- [Problem statement]
The line that contains "Chase Elliott enters" and all lines following it to the end of the data below: set these down exactly, and nothing besides.

━━━━━ Data extract ━━━━━

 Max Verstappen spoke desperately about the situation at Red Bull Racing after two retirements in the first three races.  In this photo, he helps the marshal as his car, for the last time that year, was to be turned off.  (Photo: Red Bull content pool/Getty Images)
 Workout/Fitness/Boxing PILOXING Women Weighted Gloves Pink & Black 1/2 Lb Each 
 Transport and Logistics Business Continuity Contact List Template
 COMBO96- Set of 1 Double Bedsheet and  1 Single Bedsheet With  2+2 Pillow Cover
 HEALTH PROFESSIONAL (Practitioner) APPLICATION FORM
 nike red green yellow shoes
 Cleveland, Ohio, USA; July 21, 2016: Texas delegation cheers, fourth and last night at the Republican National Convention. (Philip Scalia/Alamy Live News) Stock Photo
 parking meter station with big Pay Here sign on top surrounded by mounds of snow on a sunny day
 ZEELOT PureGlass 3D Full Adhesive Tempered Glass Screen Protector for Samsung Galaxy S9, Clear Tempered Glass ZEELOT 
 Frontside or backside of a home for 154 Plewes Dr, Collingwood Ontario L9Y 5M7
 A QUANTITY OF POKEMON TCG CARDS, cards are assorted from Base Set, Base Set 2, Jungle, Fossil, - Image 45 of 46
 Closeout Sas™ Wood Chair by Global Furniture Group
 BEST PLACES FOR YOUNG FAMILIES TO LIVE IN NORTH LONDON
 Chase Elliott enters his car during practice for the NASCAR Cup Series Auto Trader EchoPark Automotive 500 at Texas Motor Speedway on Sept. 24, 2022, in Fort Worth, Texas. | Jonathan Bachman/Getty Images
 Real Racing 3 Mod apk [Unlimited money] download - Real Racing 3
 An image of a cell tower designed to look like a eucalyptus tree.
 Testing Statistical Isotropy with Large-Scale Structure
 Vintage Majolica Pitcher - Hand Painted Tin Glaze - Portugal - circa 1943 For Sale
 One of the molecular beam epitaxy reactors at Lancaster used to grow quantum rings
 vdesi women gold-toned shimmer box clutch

━━━━━

- [Output of the exercise]
 Chase Elliott enters his car during practice for the NASCAR Cup Series Auto Trader EchoPark Automotive 500 at Texas Motor Speedway on Sept. 24, 2022, in Fort Worth, Texas. | Jonathan Bachman/Getty Images
 Real Racing 3 Mod apk [Unlimited money] download - Real Racing 3
 An image of a cell tower designed to look like a eucalyptus tree.
 Testing Statistical Isotropy with Large-Scale Structure
 Vintage Majolica Pitcher - Hand Painted Tin Glaze - Portugal - circa 1943 For Sale
 One of the molecular beam epitaxy reactors at Lancaster used to grow quantum rings
 vdesi women gold-toned shimmer box clutch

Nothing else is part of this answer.